The BIA’s decision likewise does not indicate that it considered Dr. Wakefield’s affidavits. In his brief to the BIA, Hernandez argued that “[t]he IJ failed to evaluate the expert psychiatric opinion which establishes the atypically severe psychological effects Respondent’s deportation would have on his mother.” Despite the fact that Hernandez explicitly drew the BIA’s attention to this evidence, the BIA’s decision says nothing about Dr. Wake-field’s affidavits. Instead the BIA’s discussion of whether Hernandez’s family would suffer extreme hardship simply concludes that Mrs. Avila did not need financial support from her son, and that the IJ’s “factual findings were not clearly erroneous.” The BIA’s focus on this different, and clearly less extreme, element of hardship makes it unlikely that it considered Dr. Wakefield’s affidavits either.
In sum, given the startling information contained in Dr. Wakefield’s affidavits, the IJ’s and the BIA’s failure to refer to the affidavits, the IJ’s misconception about the nature and extent of Mrs. Avila’s emotional hardship, and the BIA’s mention of only financial hardship, we hold that Hernandez has overcome the presumption that Dr. Wakefield’s psychiatric evidence was reviewed by the IJ or the BIA; therefore, Hernandez has established a violation of his due process rights.
To prevail on his due process challenge, Hernandez must also show prejudice. Larita-Martinez, 220 F.3d at 1095. The prejudice resulting from the failure to consider the psychiatric evidence of extreme hardship to Hernandez’s mother is clear. Extreme hardship is an eligibility requirement for § 212(h) relief, and it is also a factor in the IJ’s balance of the equities. See Mendez-Moralez, 21 I. & N. Dec. at 301. Dr. Wakefield’s opinion is compelling evidence that Hernandez’s mother would experience hardship beyond the ordinary consequences of a relative’s removal from the United States. Had the IJ considered Dr. Wakefield’s views, “the outcome of the proceedings may have been affected.” Colmenar v. I.N.S., 210 F.3d 967, 971 (9th Cir.2000). Accordingly, we find prejudice.3
Hernandez also alleges a number of other due process and other constitutional violations. In particular, Hernandez challenges the decision to transfer venue from Boise to Seattle,4 the treatment of his conviction and Alford plea, the admission and [595]*595exclusion of certain affidavits and testimony, the IJ’s consideration of allegedly irrelevant factors such as the use of a false social security number and his juvenile DUI arrest, the IJ’s failure to credit him with not being a threat to national security, the IJ’s disbelief of his stated reasons for leaving the United States in 1996, and the IJ’s failure to keep a complete record of the proceedings. We conclude that any errors relating to these matters do not rise to the level of due process violations.

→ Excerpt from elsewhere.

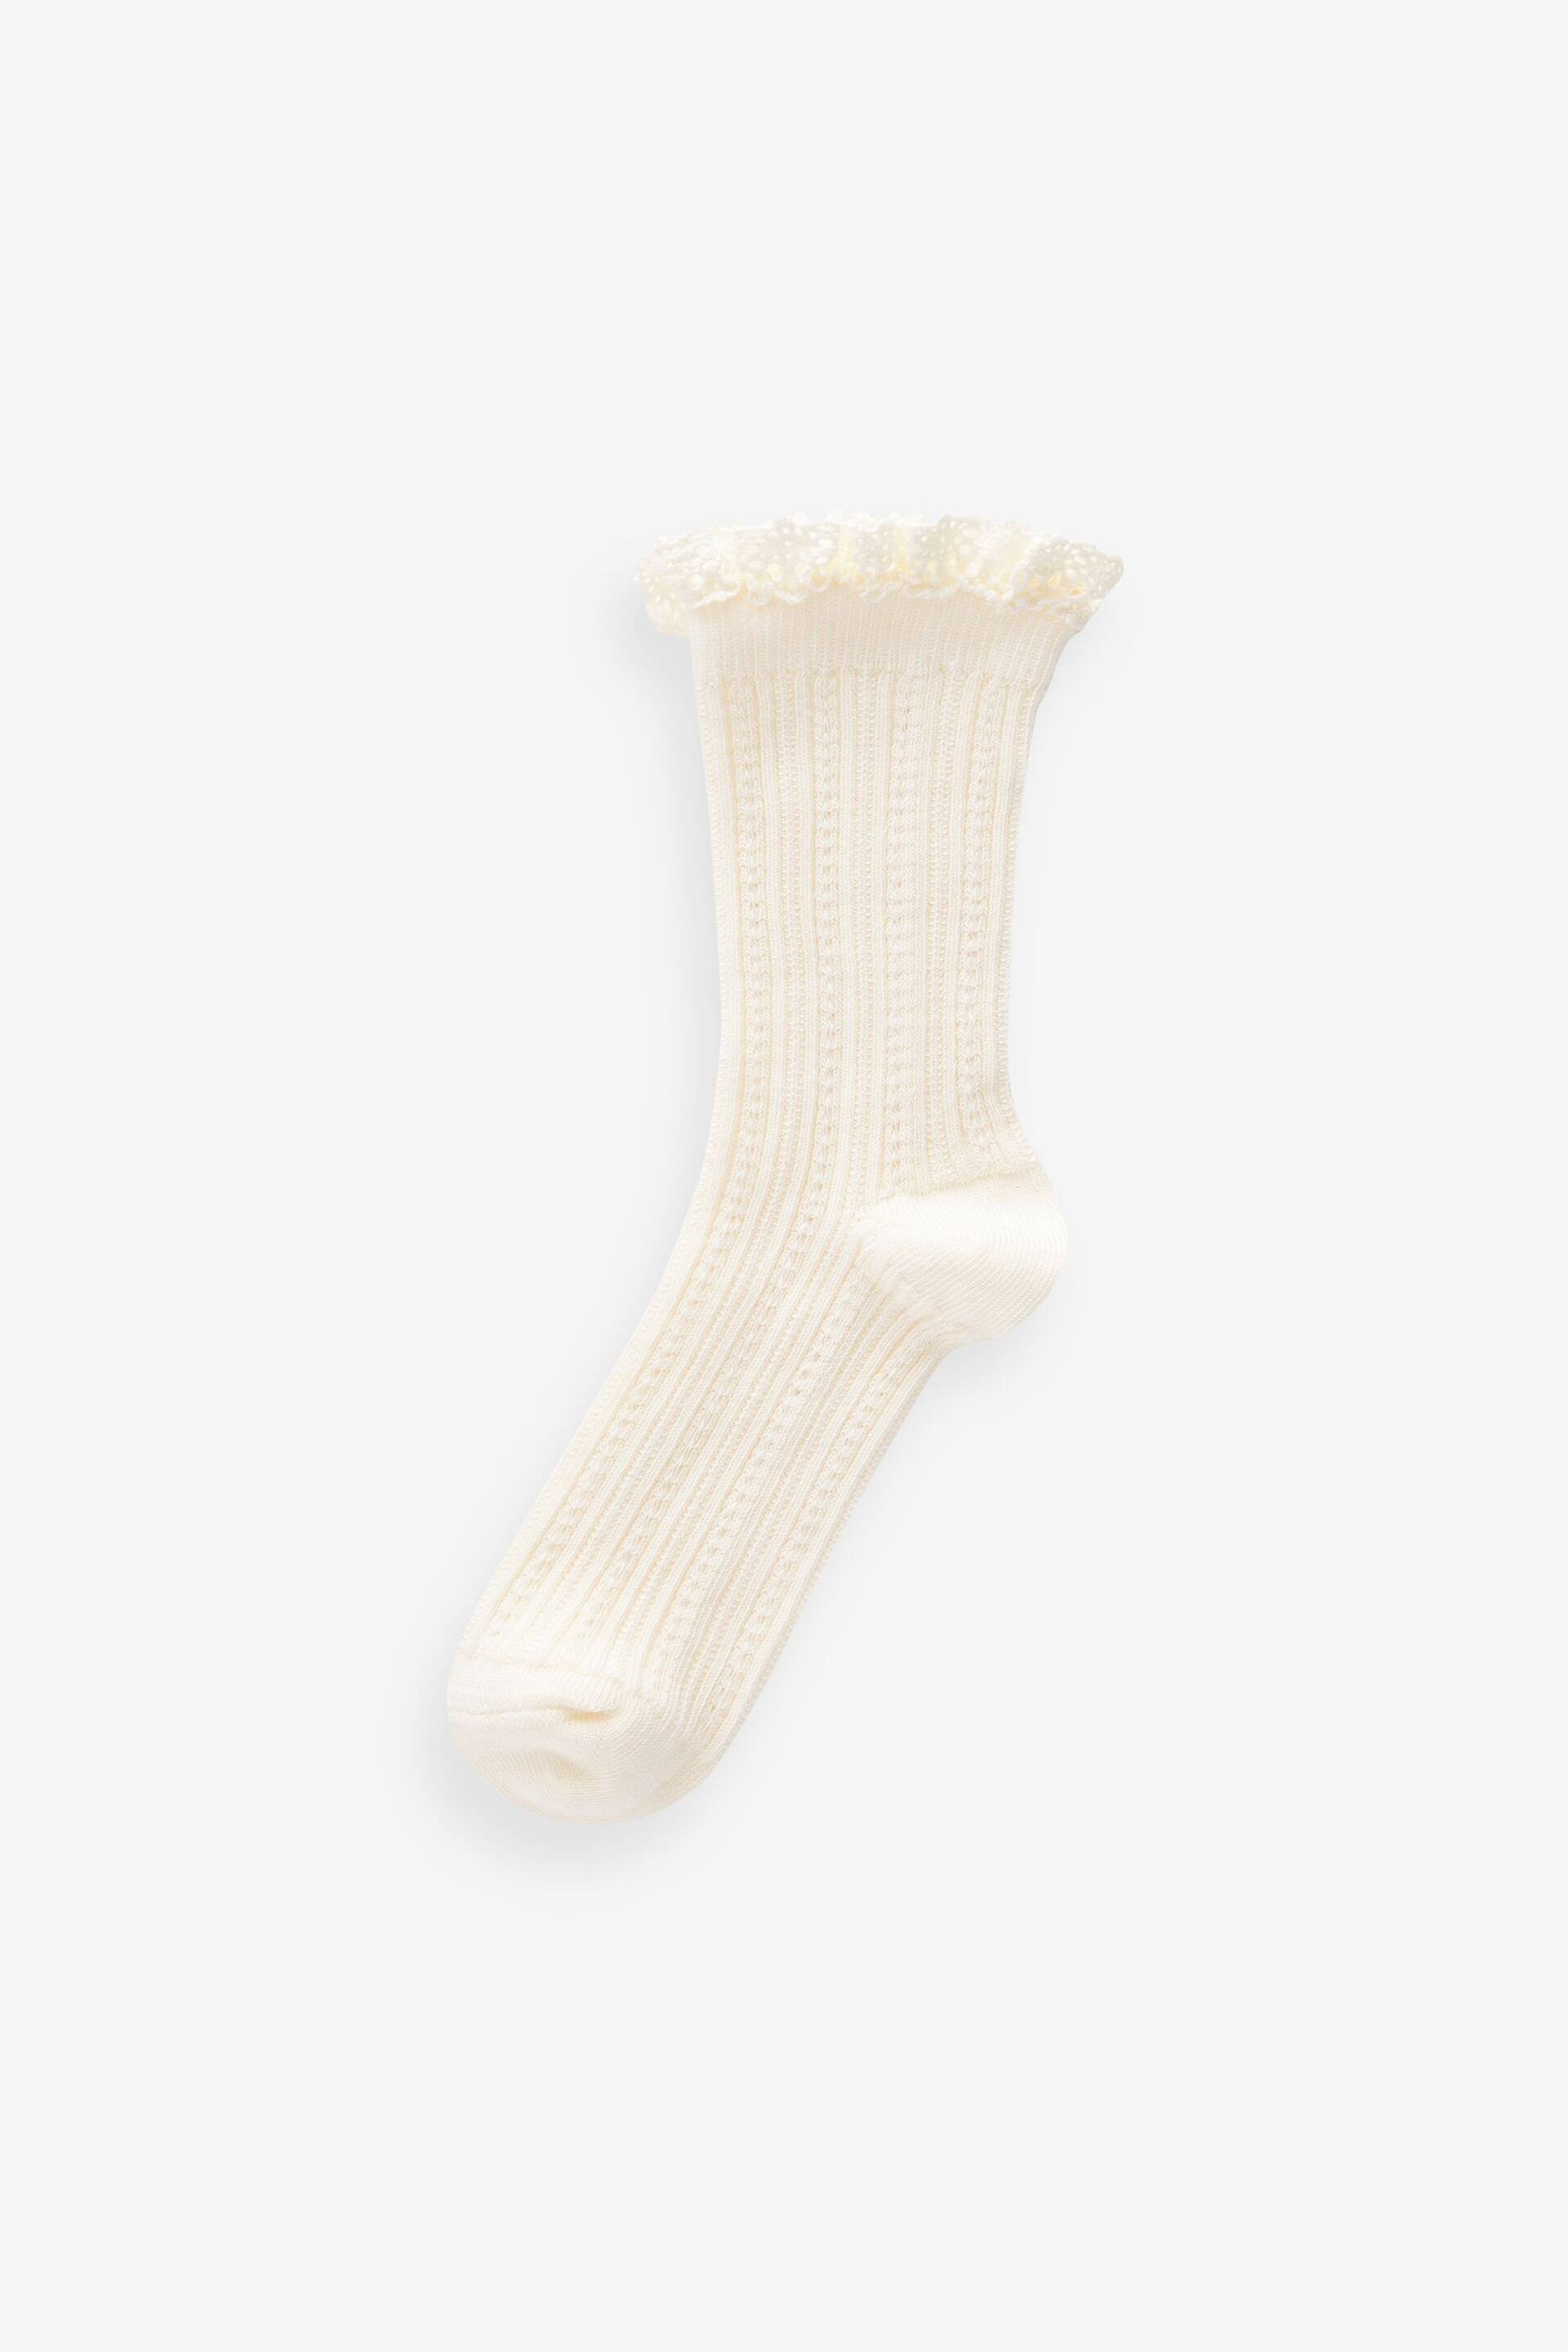 Cream and Green Cotton Rich Ruffle Frill Ankle Socks 2 Pack - Image 3 of 3

Thus, we grant Hernandez’s petition with respect to his claim that his due process rights were violated by the IJ’s and the BIA’s failure to consider Dr. Wakefield’s affidavits. We deny his petition with respect to his other claims and remand to the BIA for proceedings consistent with this disposition.
PETITION GRANTED AND REMANDED.
This disposition is not appropriate for publication and is not precedent except as provided by 9th Cir. R. 36-3.